Part of Nightstream Film Festival’s Retro series, Deadline, a flashy Canadian horror film from Mario Philip Azzopardi, makes its restoration world premiere. Professor-turned-writer Steven (Stephen Young) is an extremely prolific and extremely egotistical writer of horror novels and screenplays. Yet, while he has had immense commercial success, nothing is quite enough. He is harangued by incessant urges and worries about producing his next masterpiece (or cash cow). We see flashes of the hauntings of his mind as moments from his stories and horror films are interspersed with scenes of his domestic life.
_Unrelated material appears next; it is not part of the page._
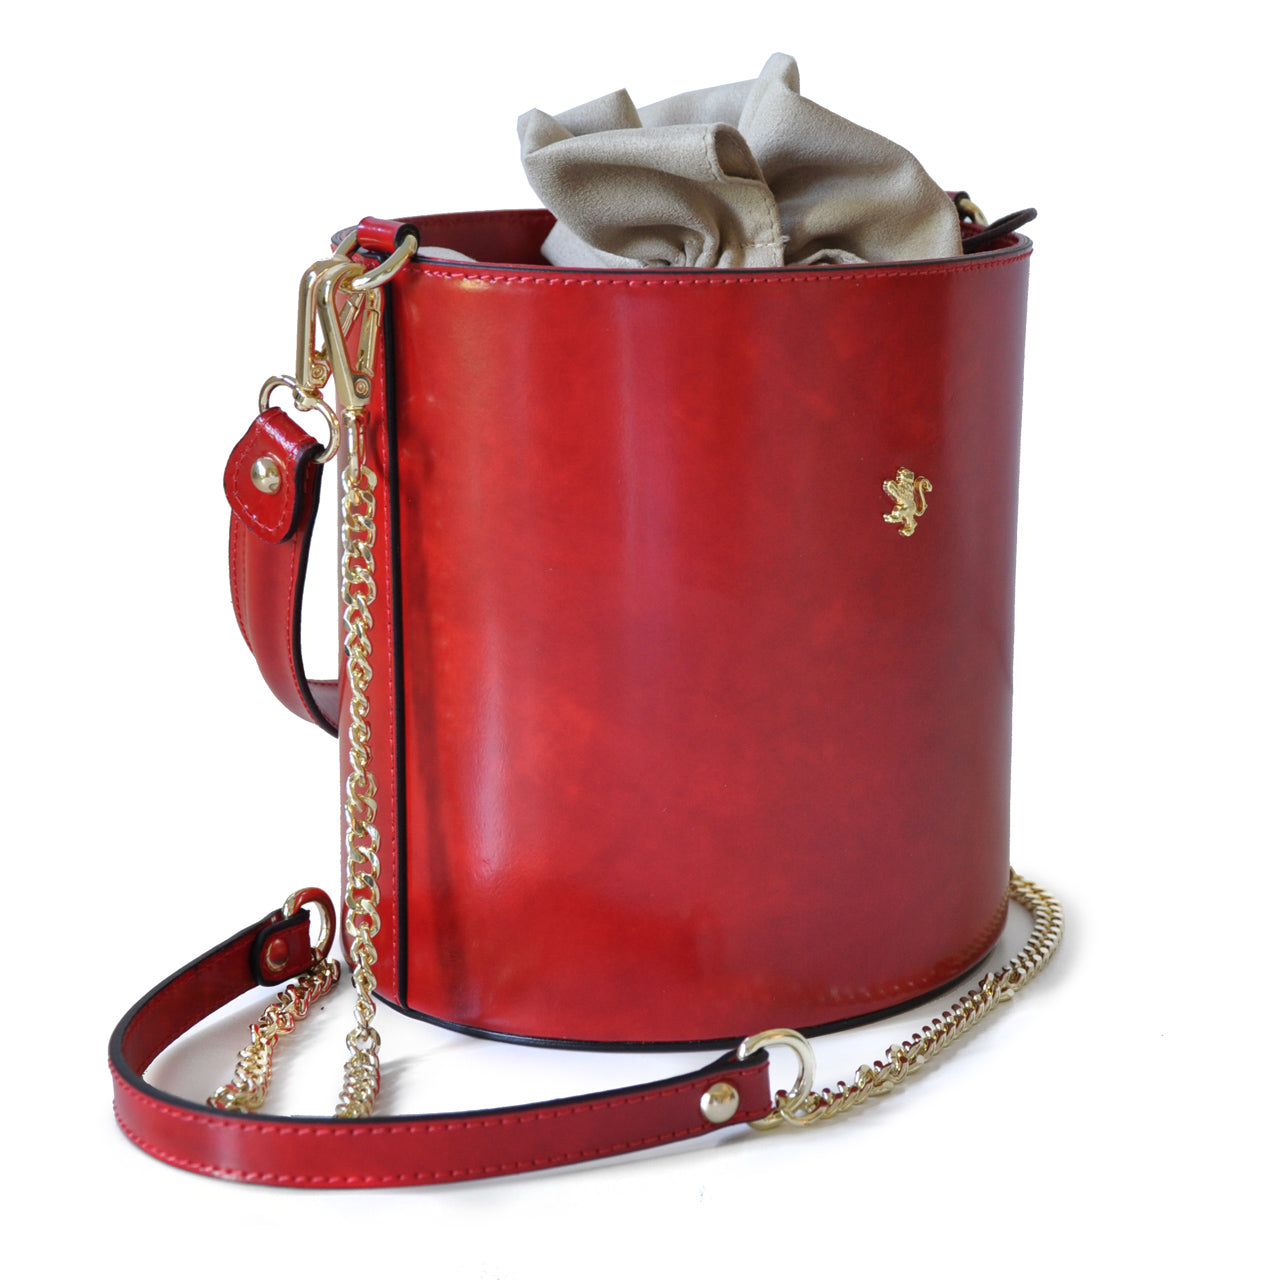 Pratesi Bag Secchiello R335 in genuine Italian leather - Brunelleschi Leather Pink
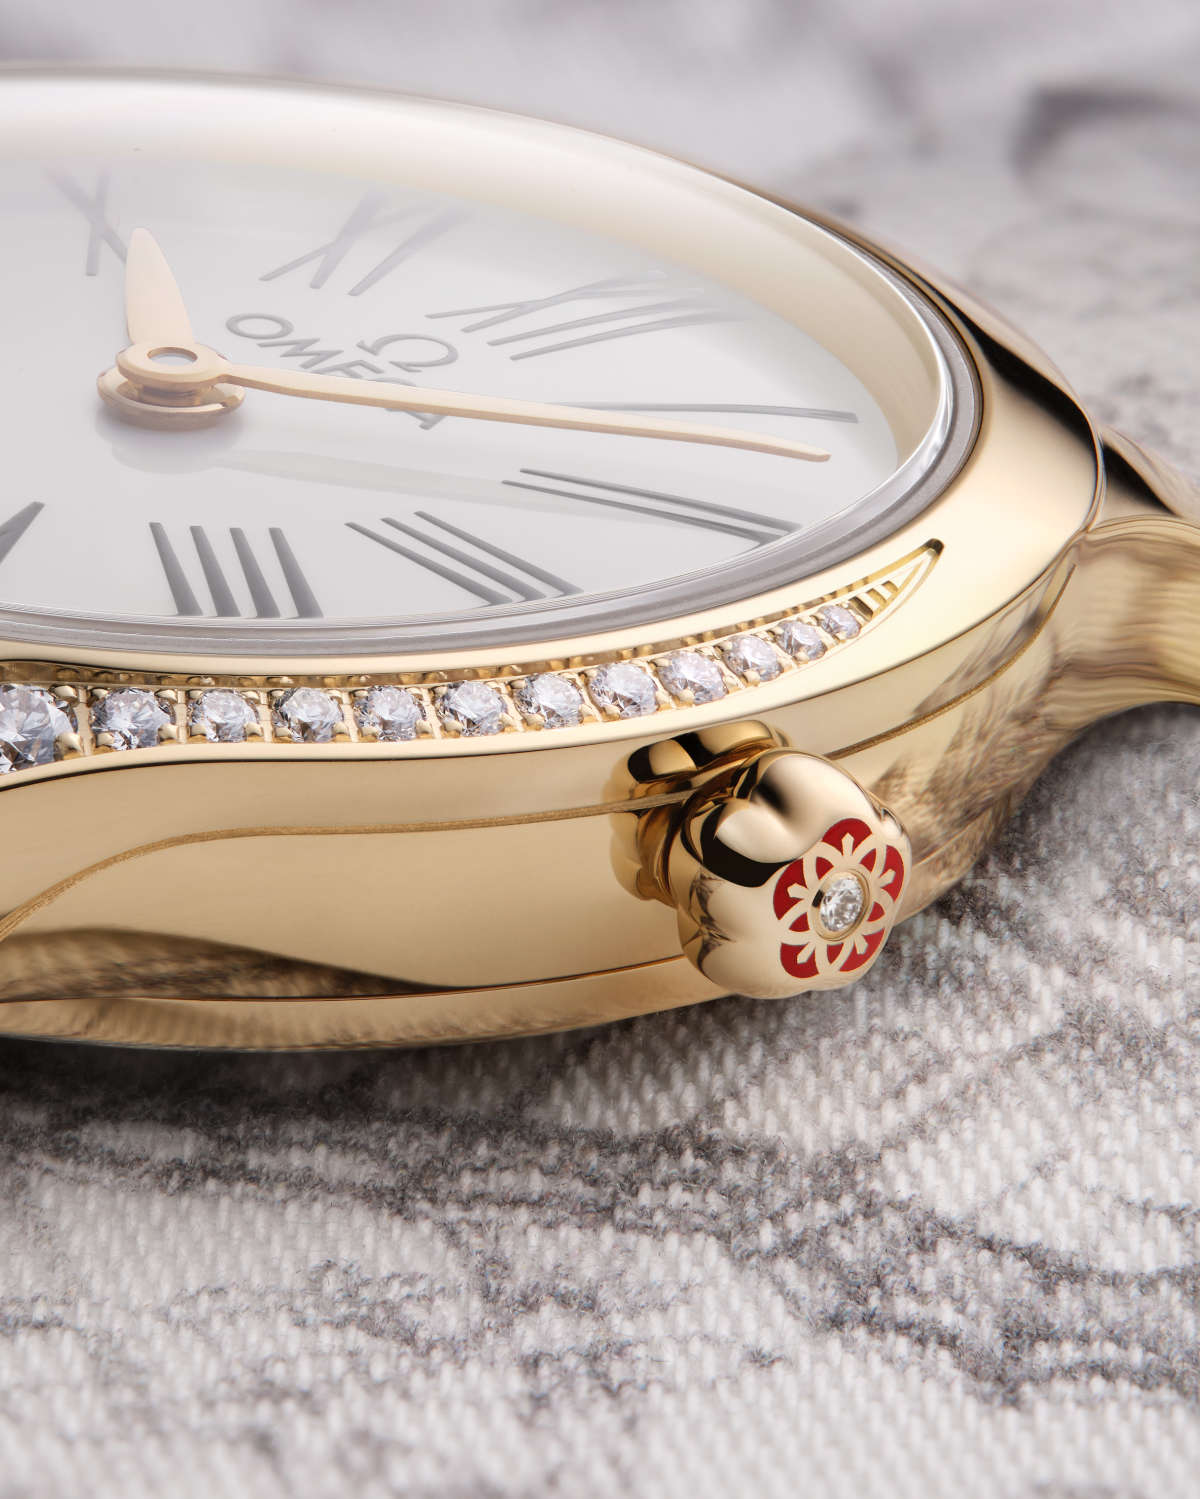 Cách chọn đồng hồ đeo tay chuẩn nhất cho nữ giới

Vinegar Syndrome and the American Genre Film Archive

Showers of blood, demonic goats, grandmothers burned alive… these outbursts of gore are almost cartoonish. Yet they provide a strange sort of respite from the other terrors Steven faces: his failings as a husband and father. “You work too hard, Daddy,” his daughter tells him, and his wife physically collapses due to the exhaustion of being neglected and humiliated by Steven’s workaholic tendencies.

This horror is as much a scary story as it is a cautionary tale about the man-eating and soul-devouring Hollywood film industry. Though beloved by the studio for the money he brings in, Steven gets little respect from the scholarly community. When he is presented with an award at his former university, students confront him for “selling sickness” and peddling and exploiting horror, and they criticize him for “polluting” them.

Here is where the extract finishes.